5 Things You Need to Know Today in Worcester - January 4

 by Tom MarinoJanuary 4, 2022

In today’s daily 5 Things You Need to Know feature, ThisWeekinWorcester.com explores five important items and stories that Worcester and Central Massachusetts residents should keep a close eye on.

These five things can cover a whole range of subjects and issues that we feel are pertinent to understanding what’s going on in the city and the cities and towns surrounding Worcester.

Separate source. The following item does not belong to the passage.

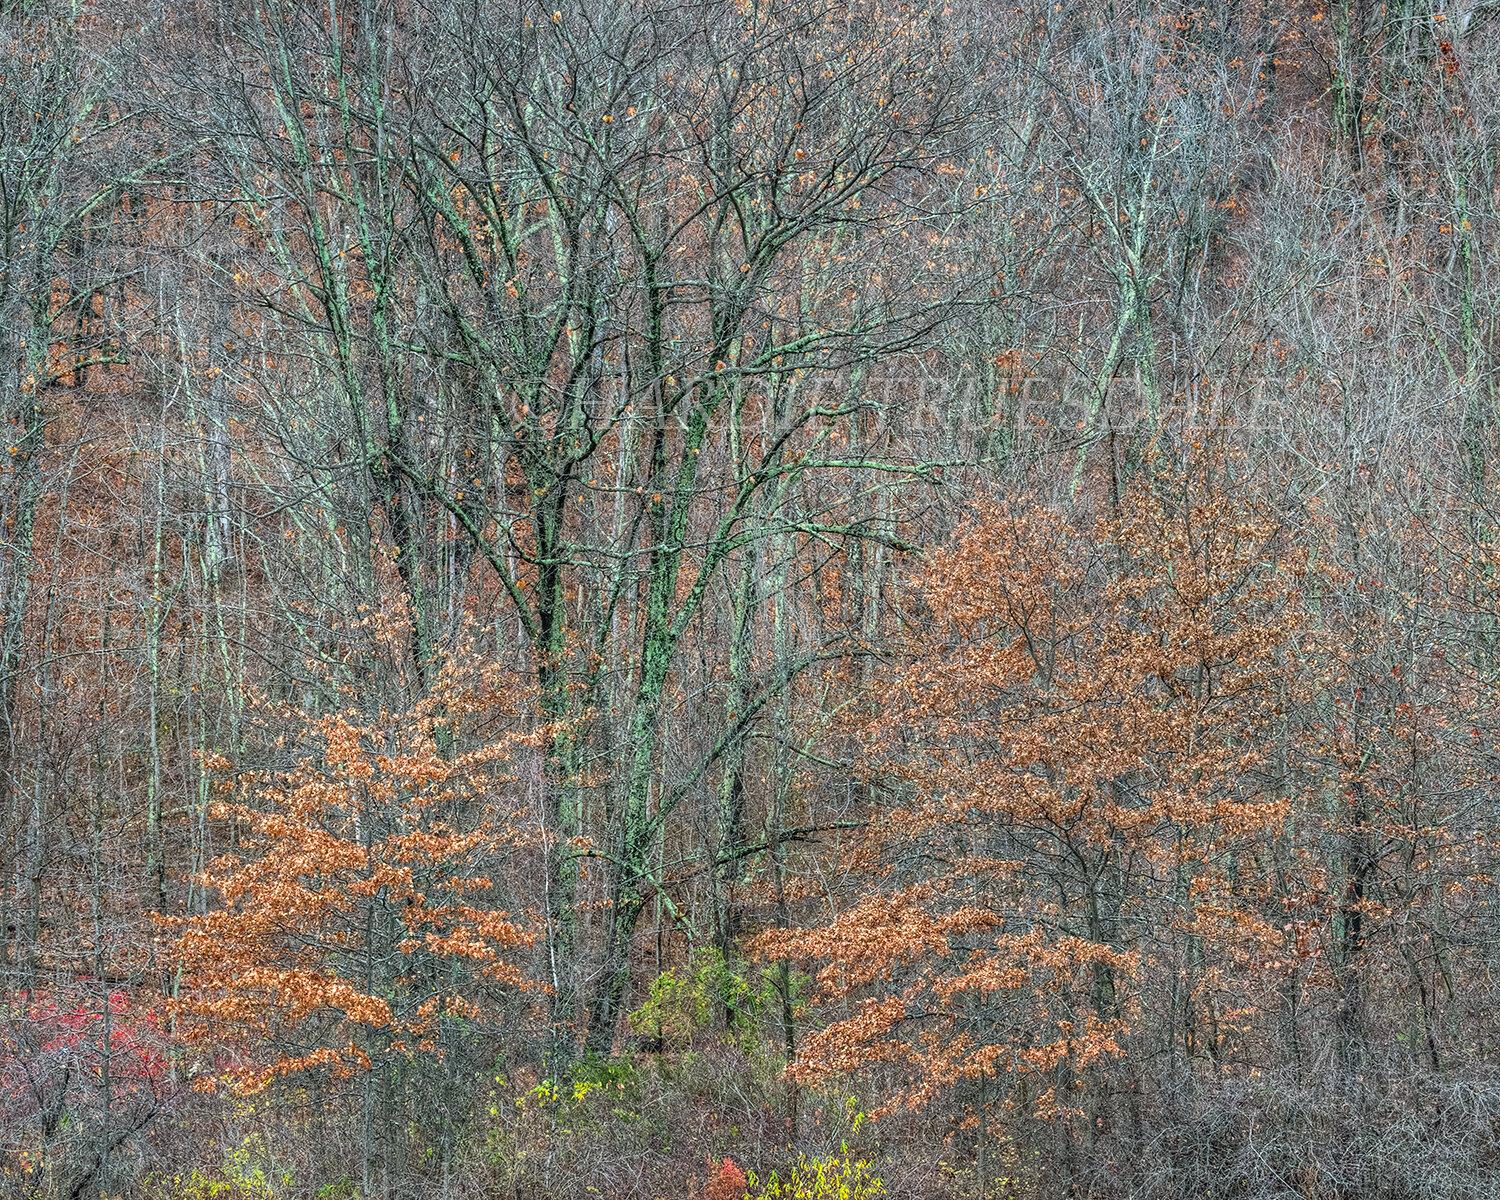 Gks#891 "Late Autumn, Mohonk Preserve"

In today’s edition - Tuesday, January 4 - "Patients First" law requirements are now in effect, Worcester Public Library cancels its in-person programming, the Regional Environmental Council launches a series of indoor winter markets, Big Brother Big Sister scheduling donation pick up, and the average cost of a gallon of gas stays the same as last week in Massachusetts.

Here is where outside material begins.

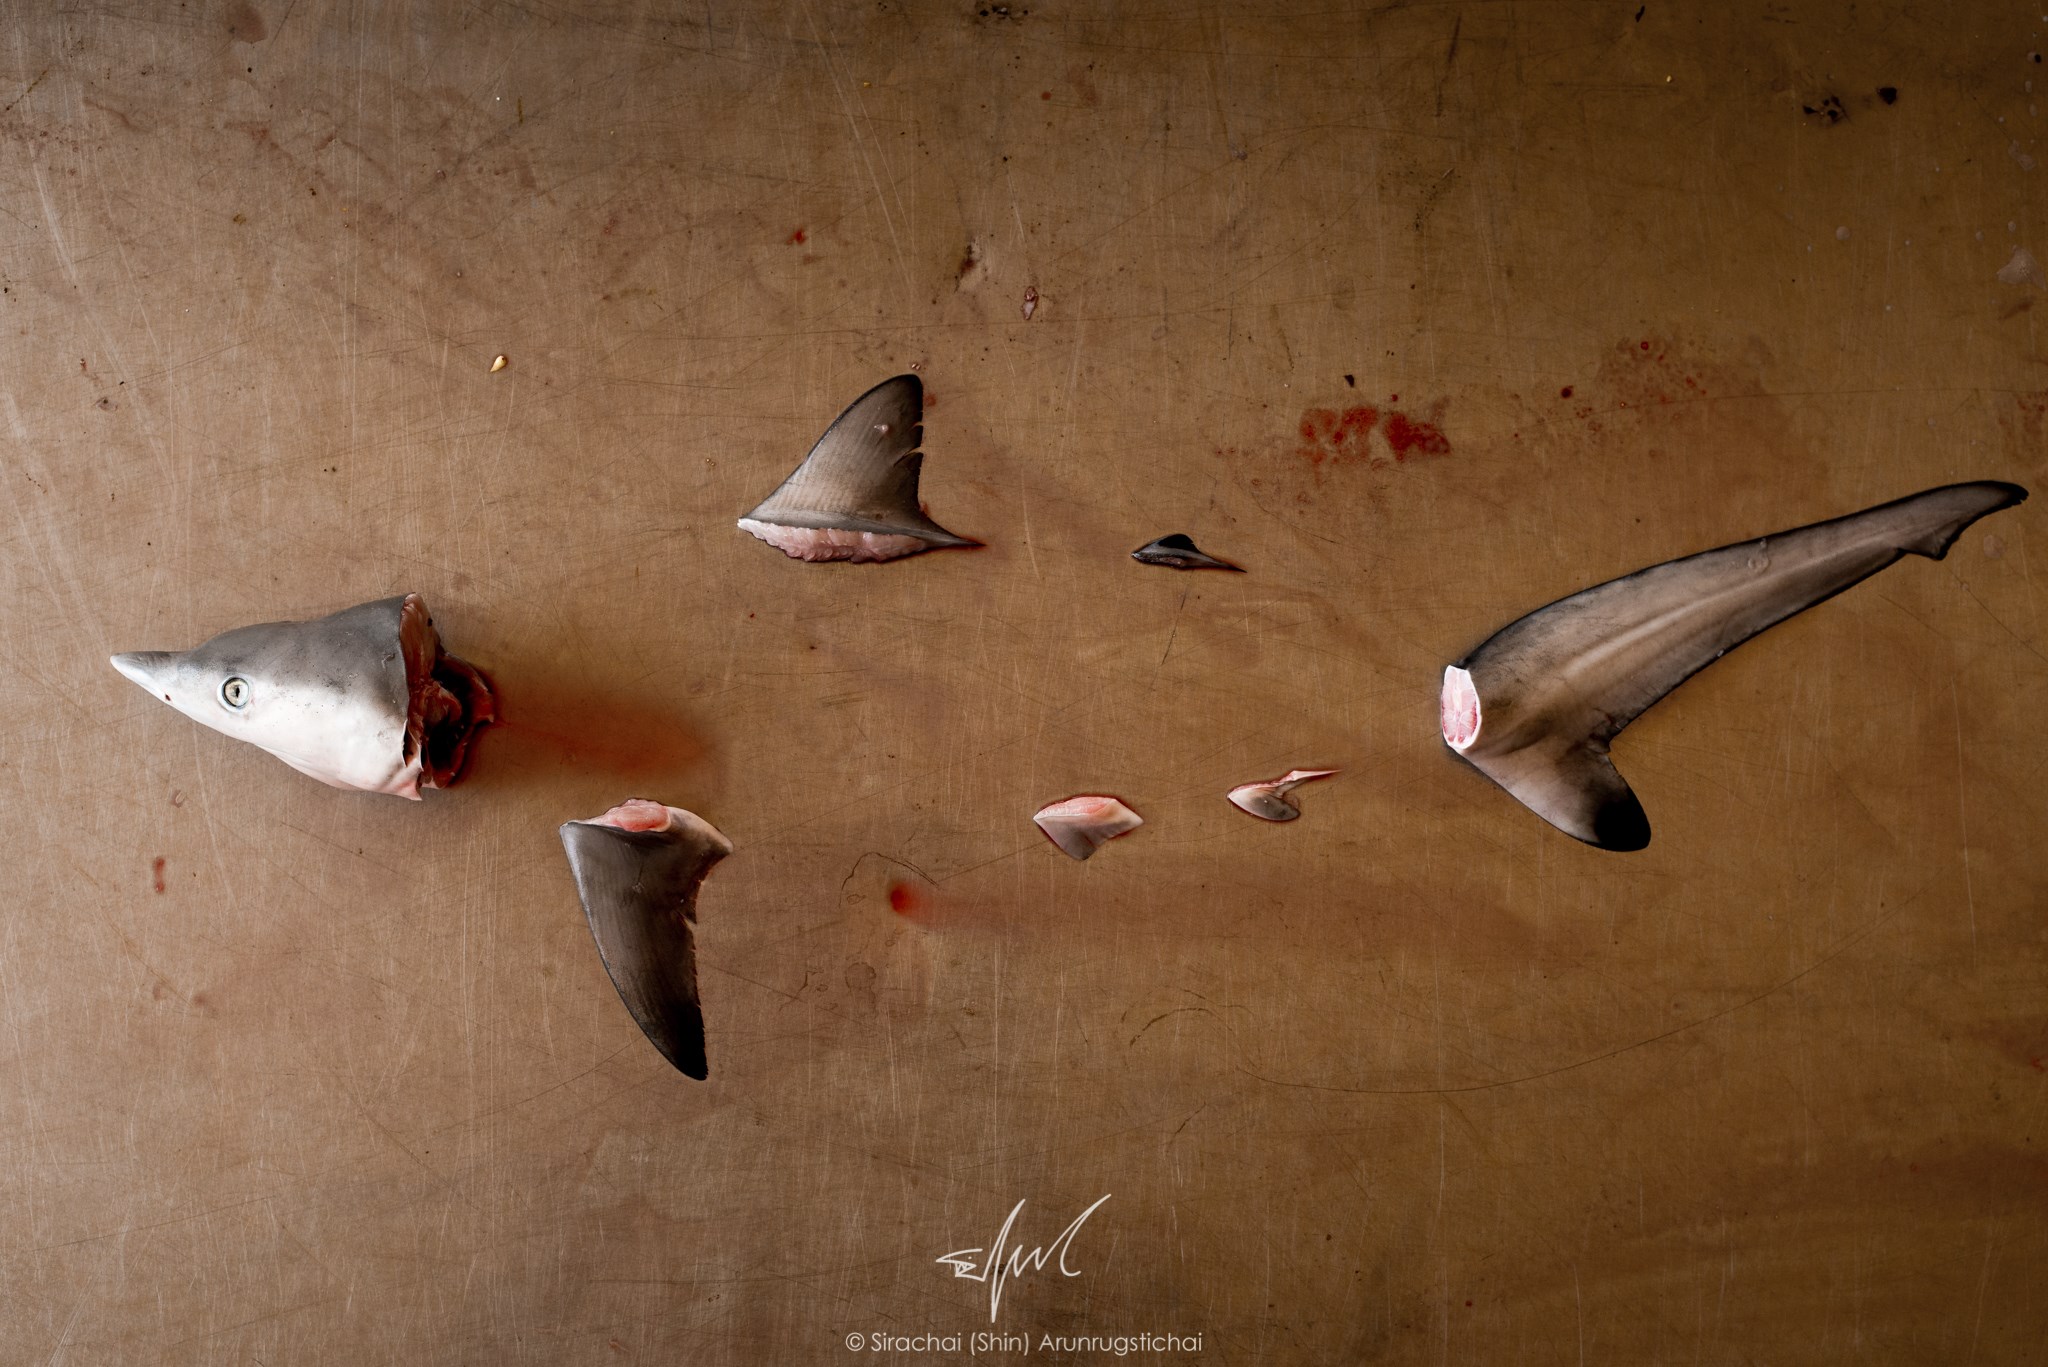 Parts of a Spottail shark arranged to symbolize disappearing shark numbers in Ranong, taken in April 2018. Photo: Sirachai Arunrugstichai / Courtesy

Requirements for 'Patients Law' Began on January 1

On January 1, 2021, Governor Baker signed An Act Promoting a Resilient Health Care System that Puts Patients First (“Patients First”) into law which makes significant changes to the state’s healthcare laws.

The changes are listed here:

  • Health care providers now must tell patients how much patients will pay for planned hospital stays, medical procedures, health care services, and referrals – based on the patient’s specific health insurance plan.
  • These requirements begin on January 1, 2022.
  • These requirements also authorize the Massachusetts Department of Public Health (MDPH) to fine providers who fail to comply with a penalty up to $2,500 for each instance of non-compliance. These penalties will take effect July 1, 2022.

Worcester Public Library In-Person Programs Cancelled

The Worcester Public Library announced on Monday, January 3, that all in-person library events and programs will be suspended until further notice.

Virtual programs will continue as planned.

For more information, see the Worcester Public Library online calendar.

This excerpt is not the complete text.